Complexity — and simplicity — in a PIM

My to-do lists get more and more complex over time.

I’ve explained here why I like My Life Organized (or “MLO” for short).  Briefly, MLO allows you to organize your tasks into a hierarchy, so that bigger tasks can be divided into smaller tasks and tasks without an organizing principle can be grouped into higher-level “projects” or simply “folders”.

But a consequence of this for me — and I think for any PIM-head who takes this stuff seriously — is that the list of tasks invariably grows and becomes more complex.

Most PIM software has a way of ranking or sorting tasks: by “importance”, by “urgency”, by overdue-ness, by all of the above.  It would be nice to build in to the PIM software some kind of scoring for simplicity as well.  One PIM tree is simpler than another if it isn’t as deeply nested, or if there isn’t a large degree of co-dependence between the various tasks, or <pick your simplicity function here>.

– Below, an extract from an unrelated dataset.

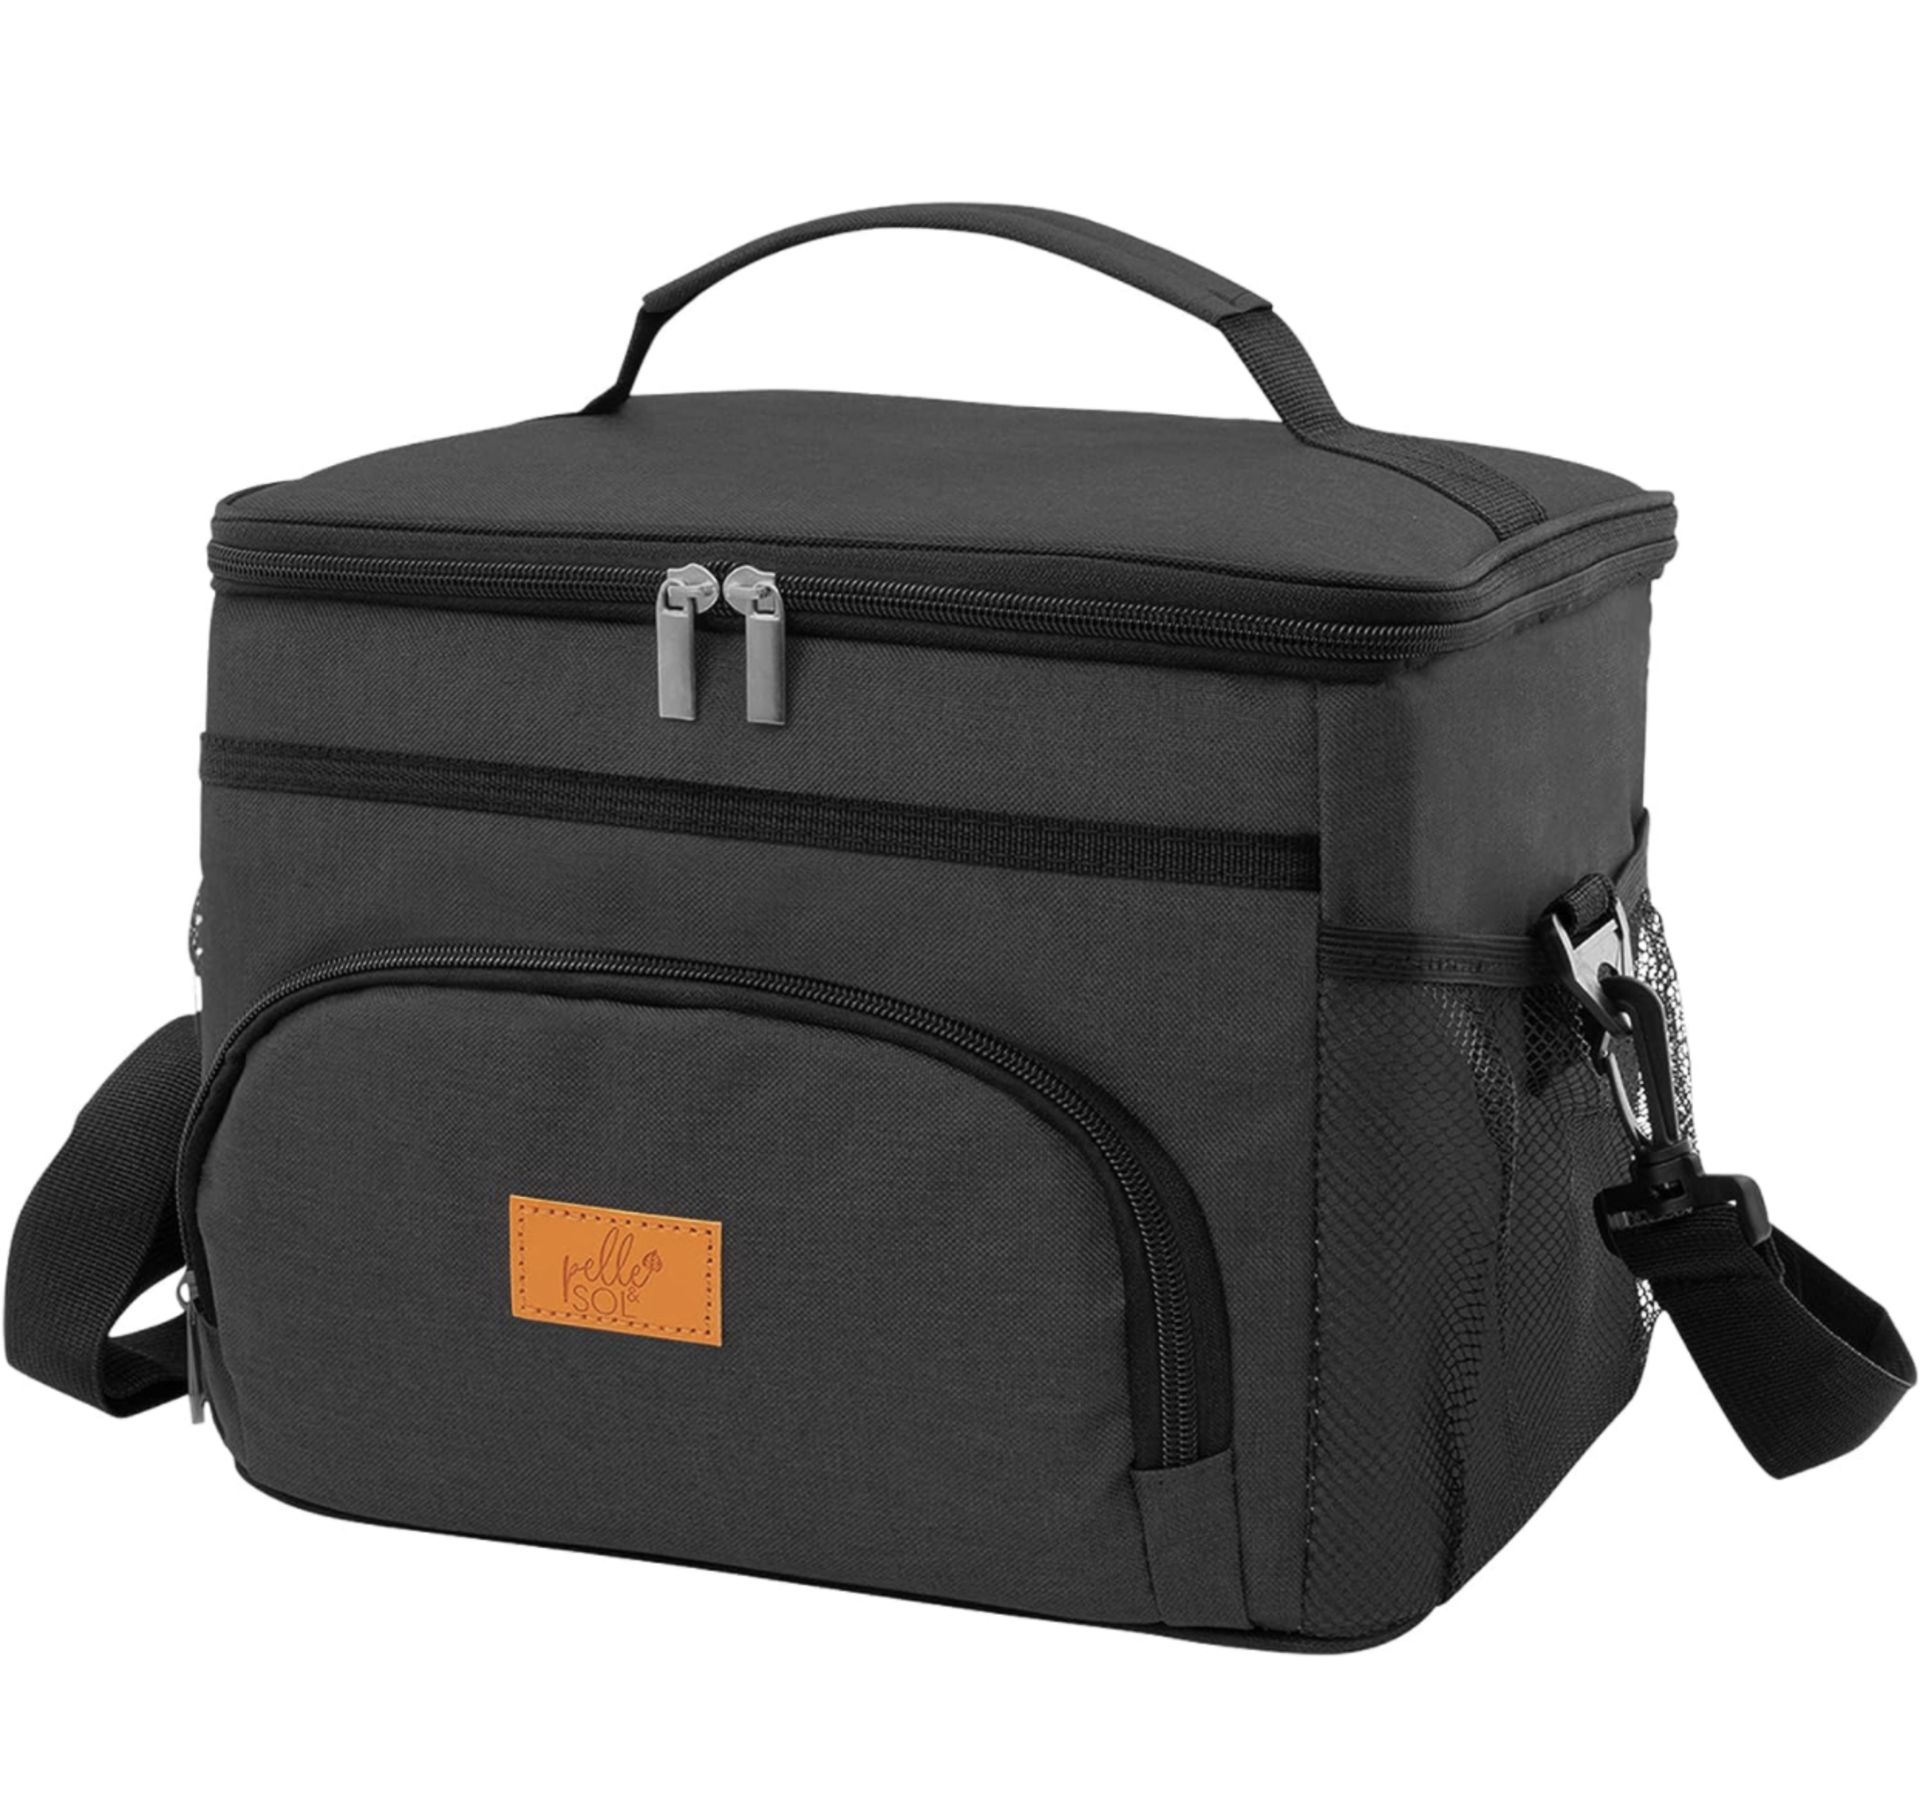 Set of 2 x Pelle & Sol 15L Picnic Bag Insulated Lunch Bag Cooler Bag - Image 2 of 3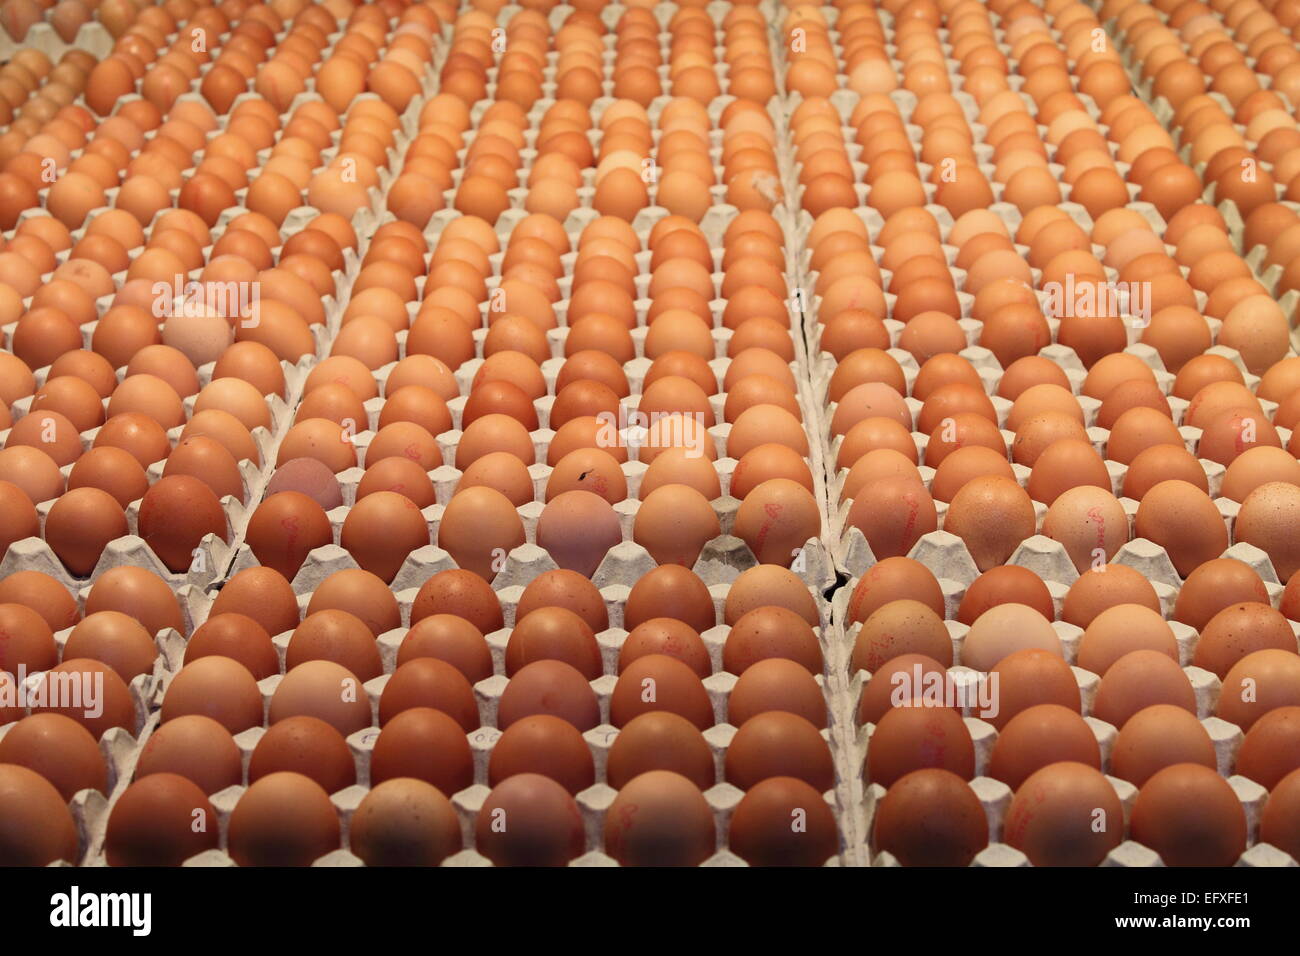 Many brown eggs in carton tray Stock Photo

You could then have the software detect and warn you if you were adding on complexity at an alarming rate, and give you some tactics (or even semi-automated processes) for simplifying your PIM tree.

Be careful what you wish for, I guess.  I used some PIM software for a while which would actually put your tasks into the calendar based on the importance sort (and available time slots: each task had to be assigned a length).  Tasks could be split up to some extent, and it was nifty for a couple of days, but then it really got like Dr. Evil’s “unattended killer machine” that was supposed to do in Austin Powers and never did.  It was a major task trying to re-jigger the tasks so they would fit into the schedule where I knew they should go anyhow.  And finally, to achieve simplicity, I threw the software overboard and moved on.

Maybe a simplicity automaton would work better than an automatic scheduler, but I suspect it too could be become a tyrant if wholly automated.  Best to make software our companion and not our master.